Prompt >>
For every line below, output the text exactly and leave out images.

Supplied material >>
──────

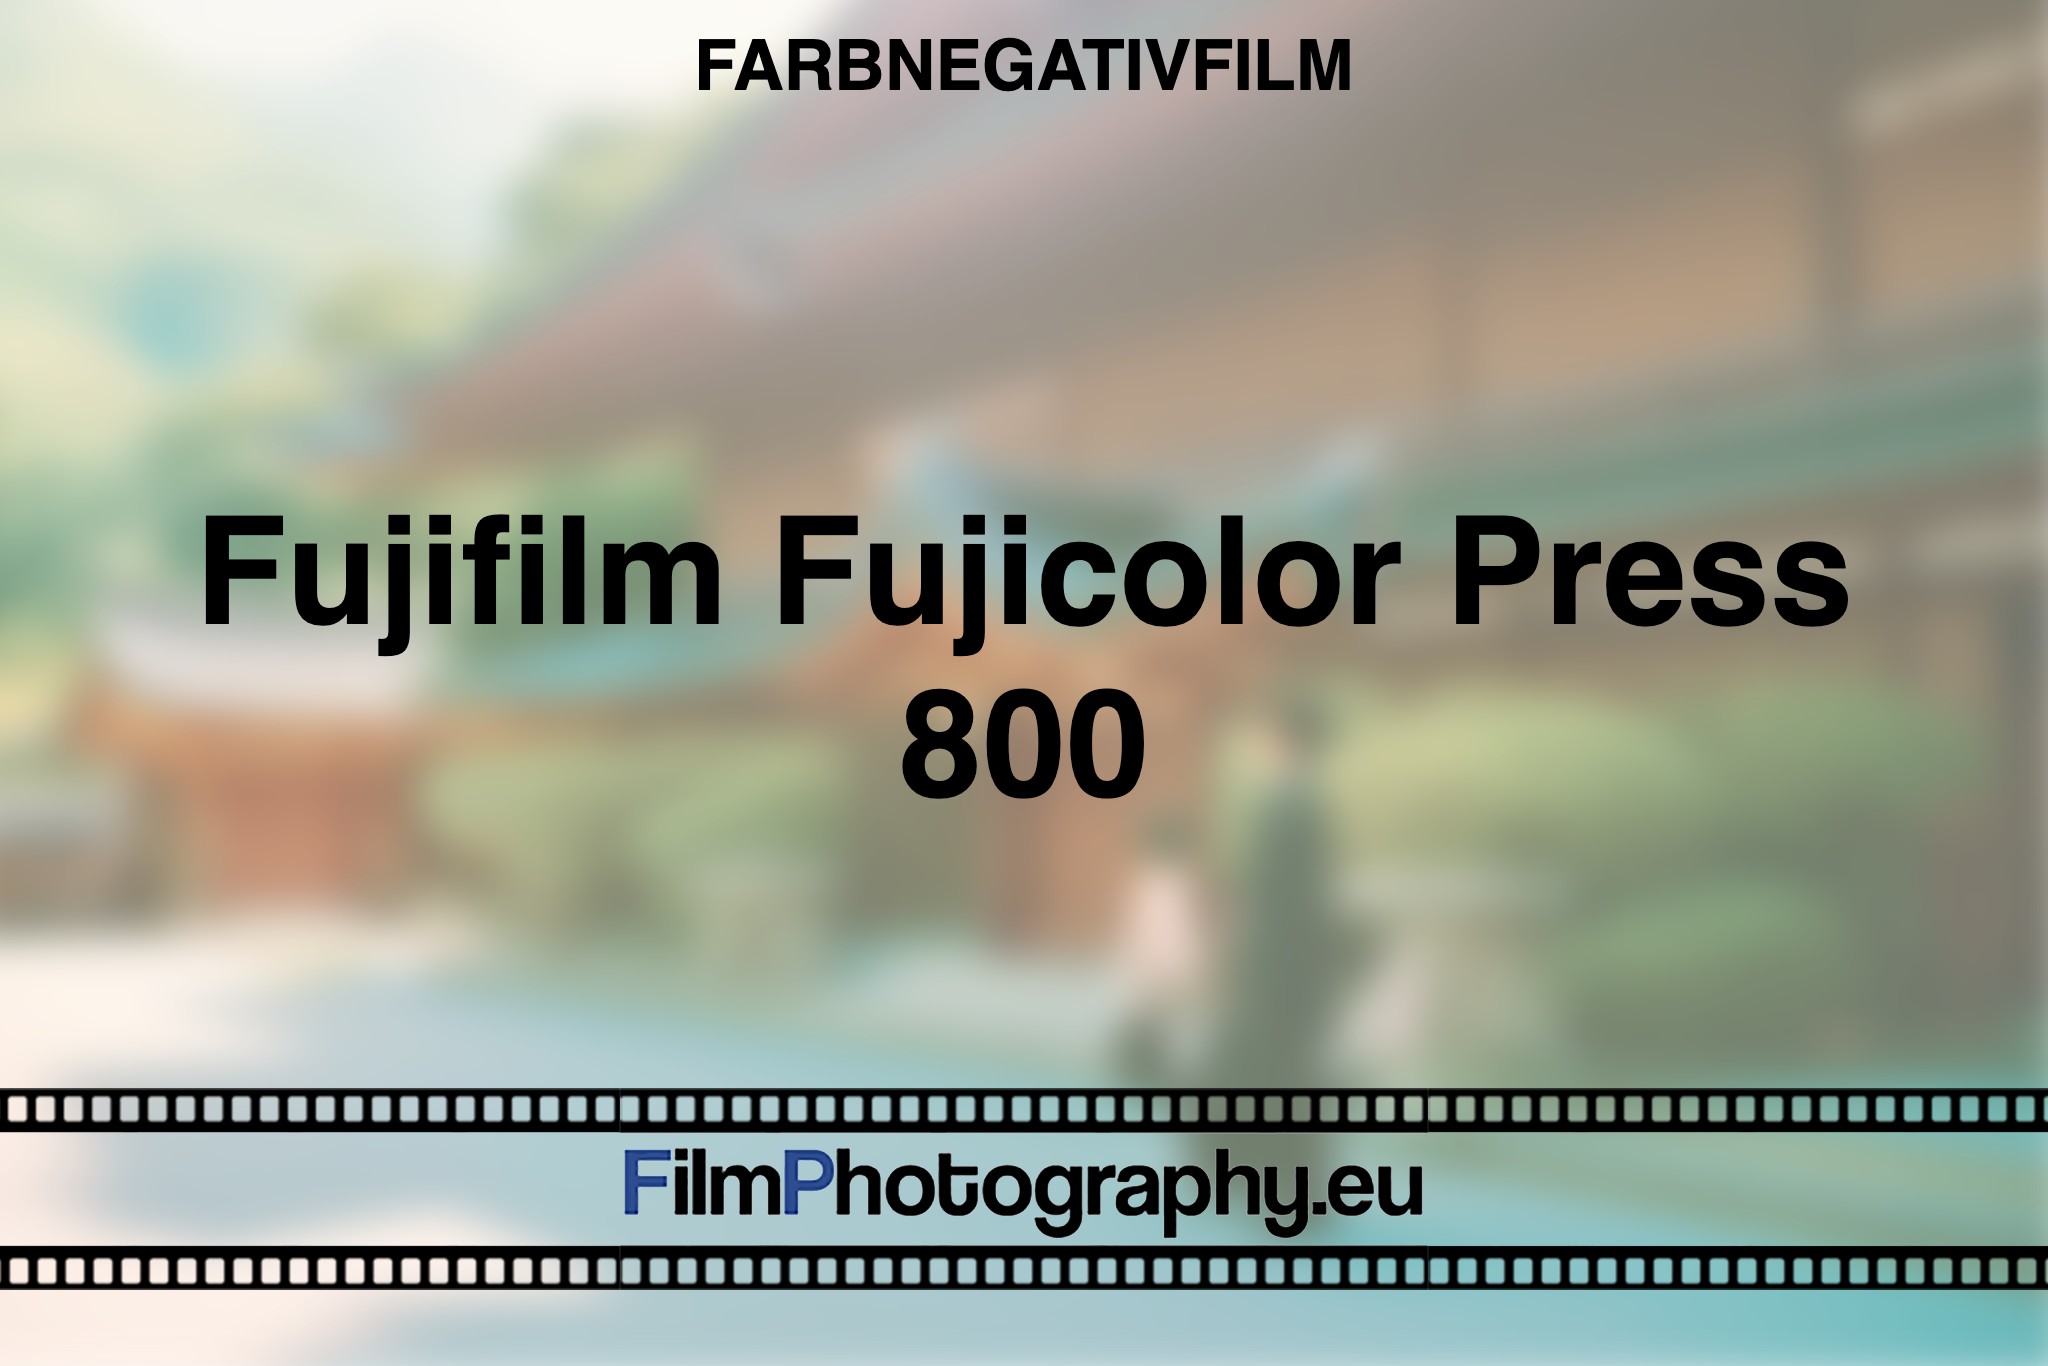 fujifilm-fujicolor-press-800-farbnegativfilm-bnv
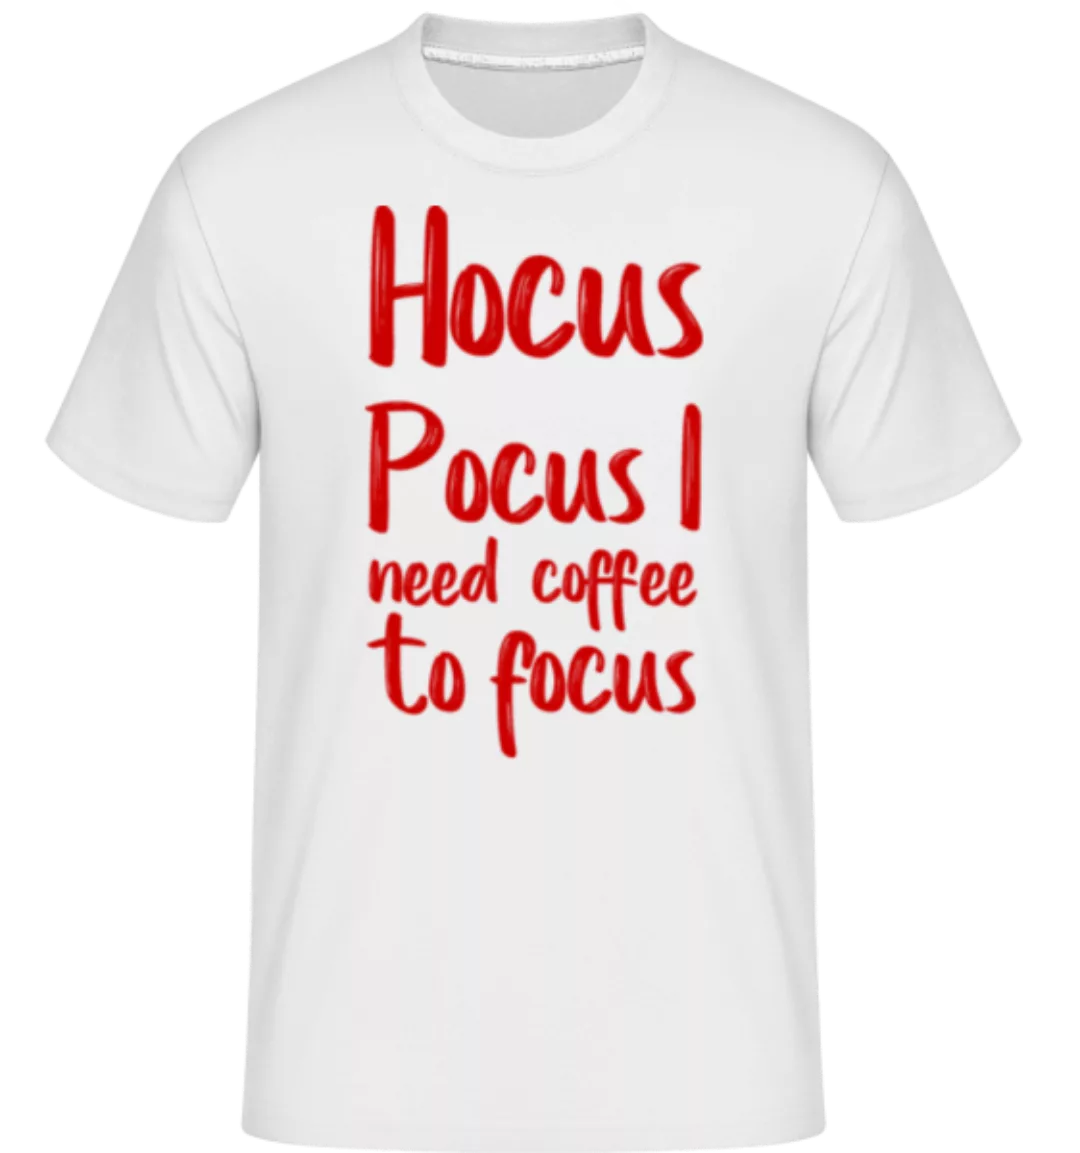 Hocus Pocus I Need Coffe To Focu · Shirtinator Männer T-Shirt günstig online kaufen
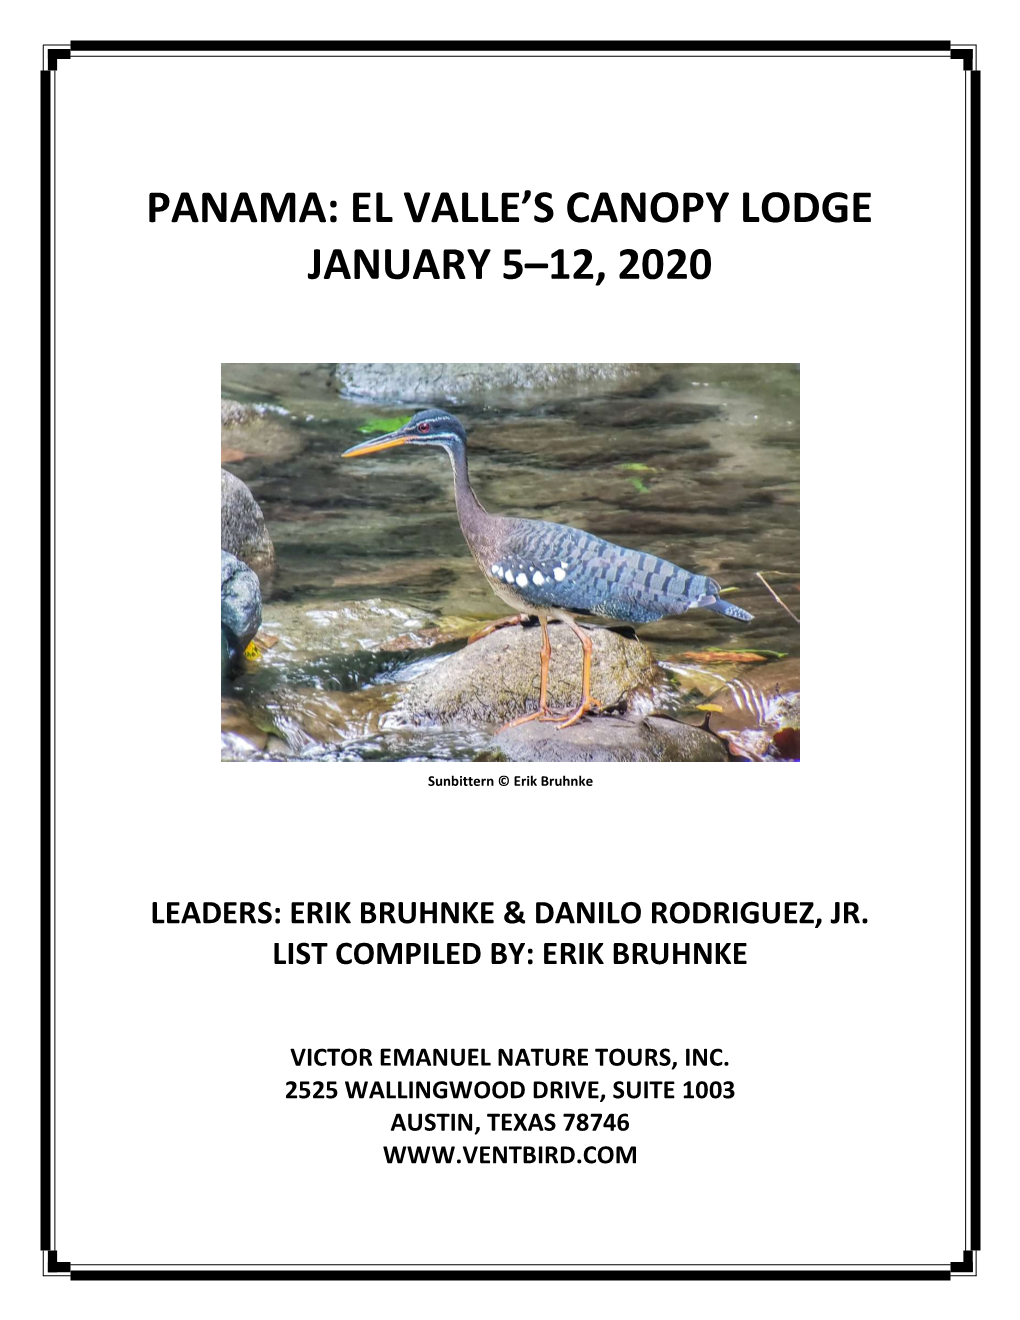 Panama: El Valle's Canopy Lodge
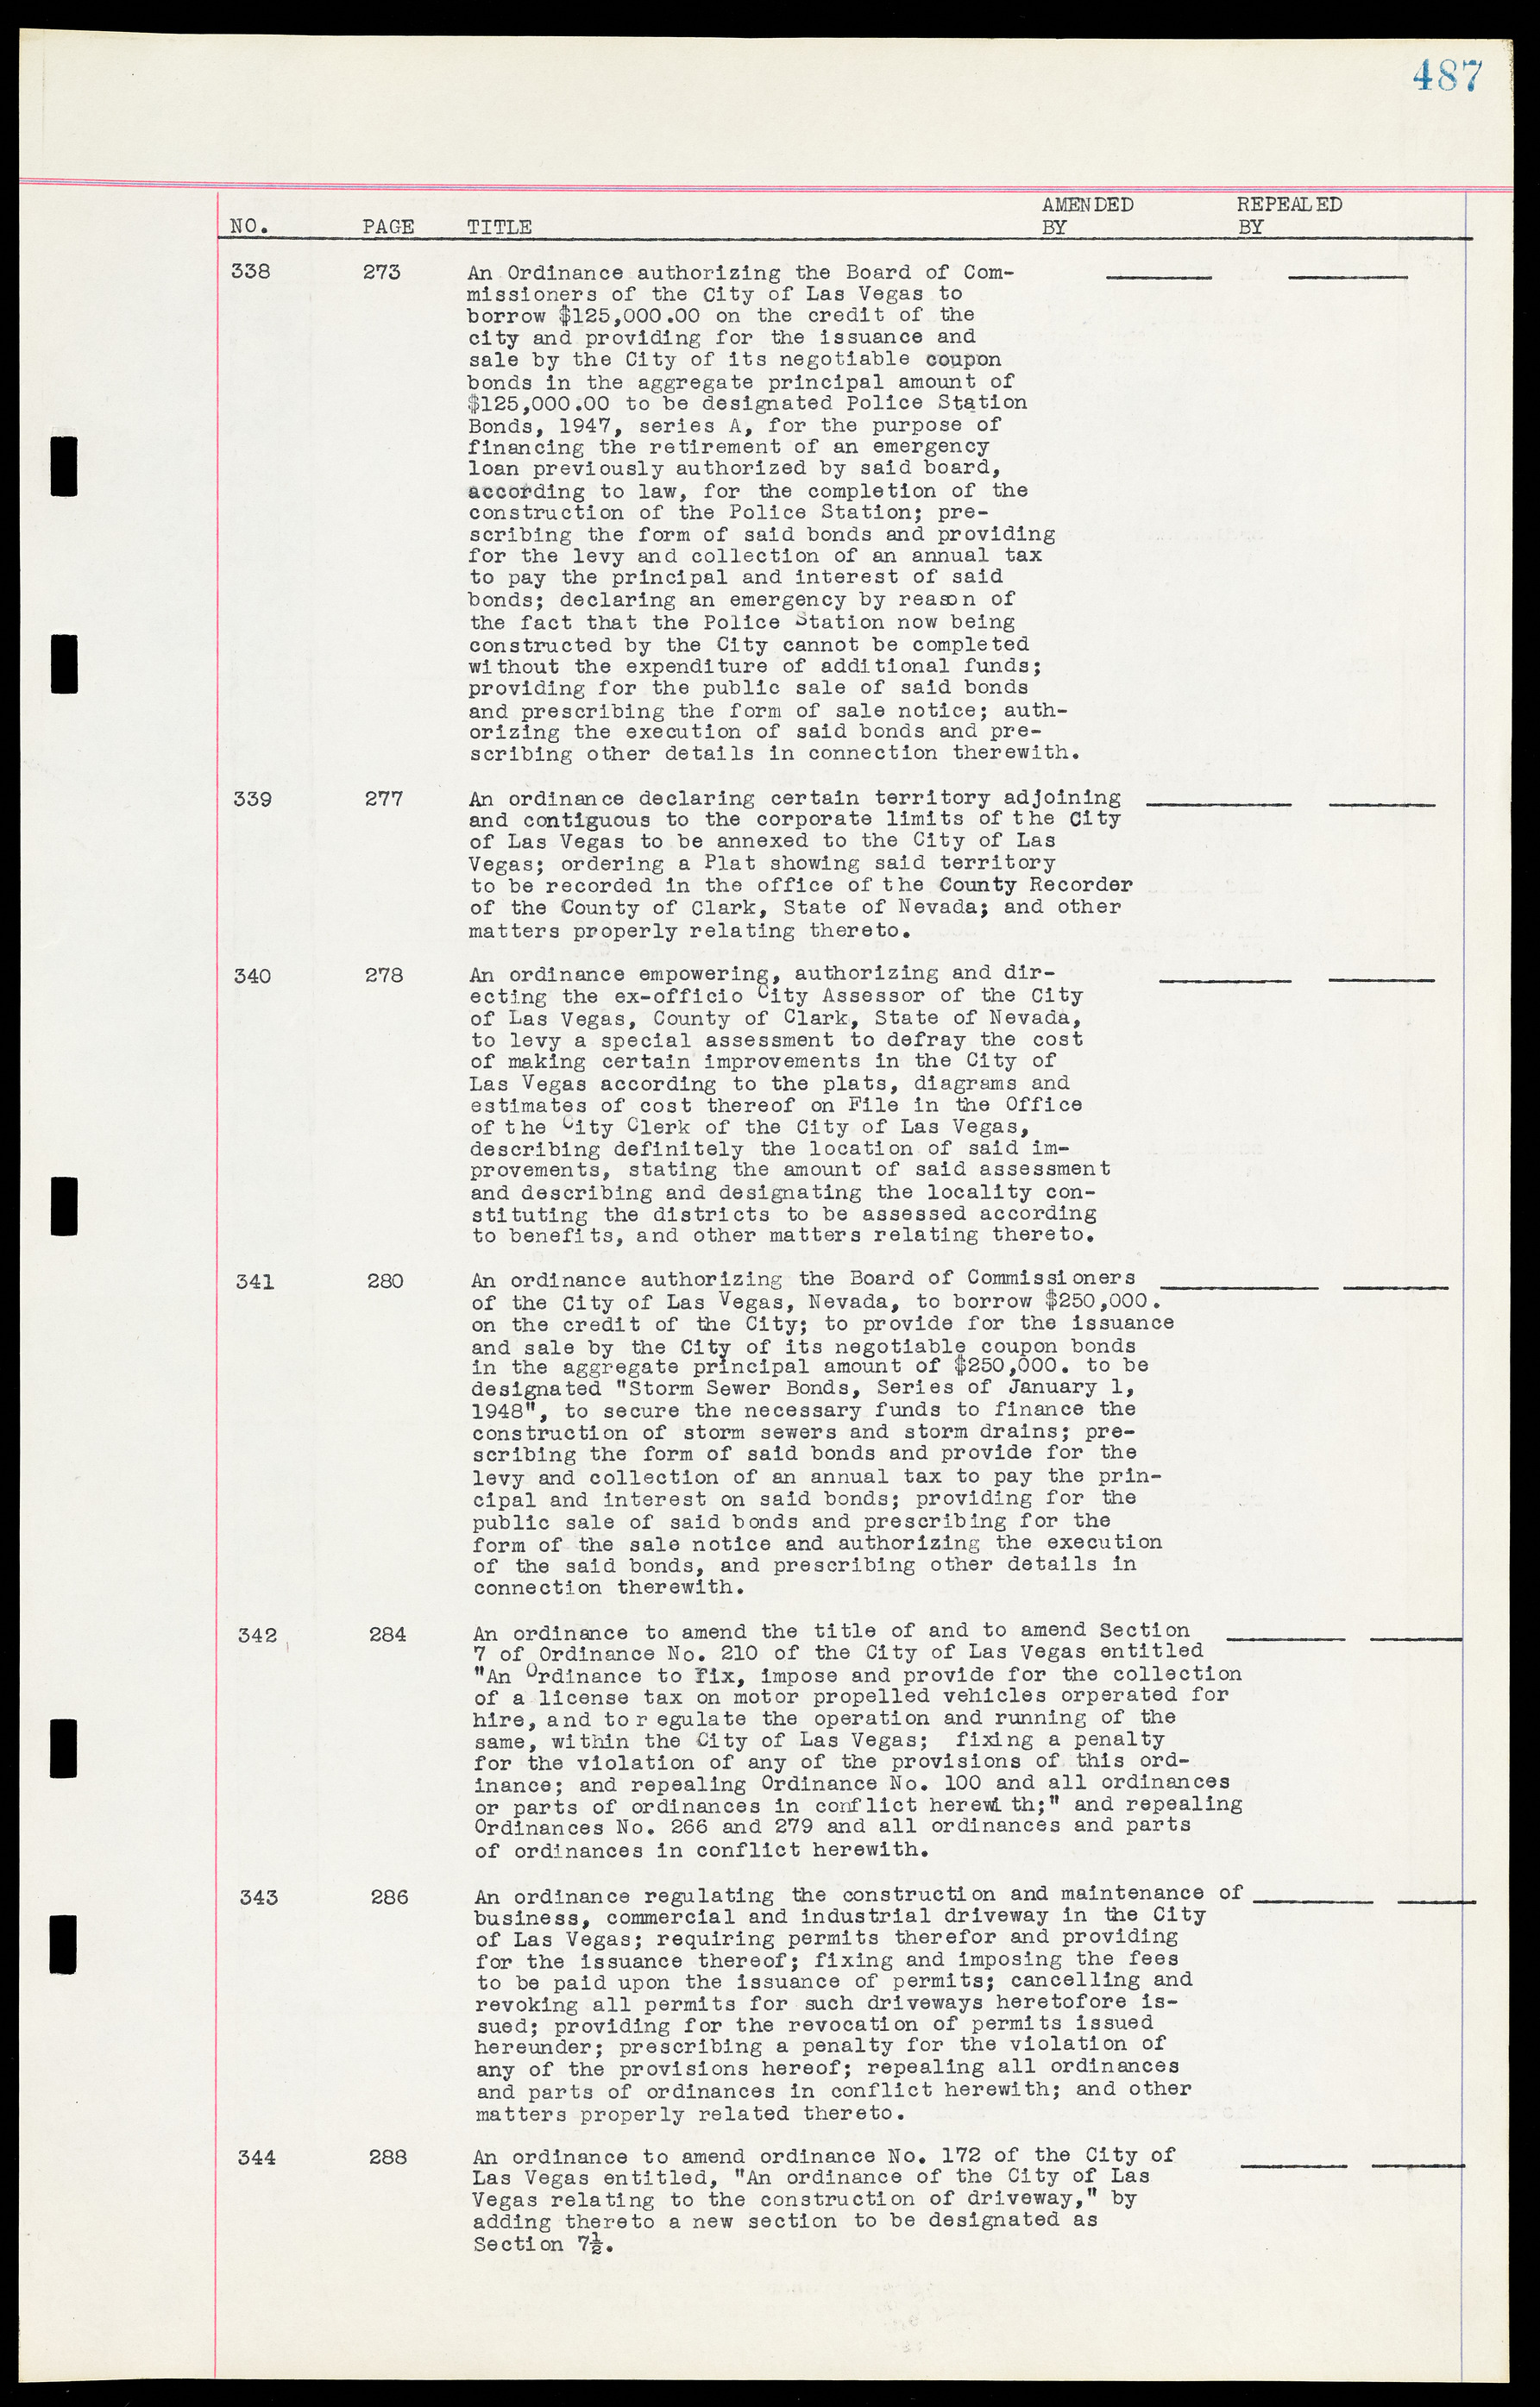 Las Vegas City Ordinances, March 31, 1933 to October 25, 1950, lvc000014-15

──────

Answer area >>
 fujifilm-fujicolor-press-800-farbnegativfilm-bnv
 Hocus Pocus I Need Coffe To Focu · Shirtinator Männer T-Shirt günstig online kaufen
 Panama: El Valle's Canopy Lodge
 Las Vegas City Ordinances, March 31, 1933 to October 25, 1950, lvc000014-15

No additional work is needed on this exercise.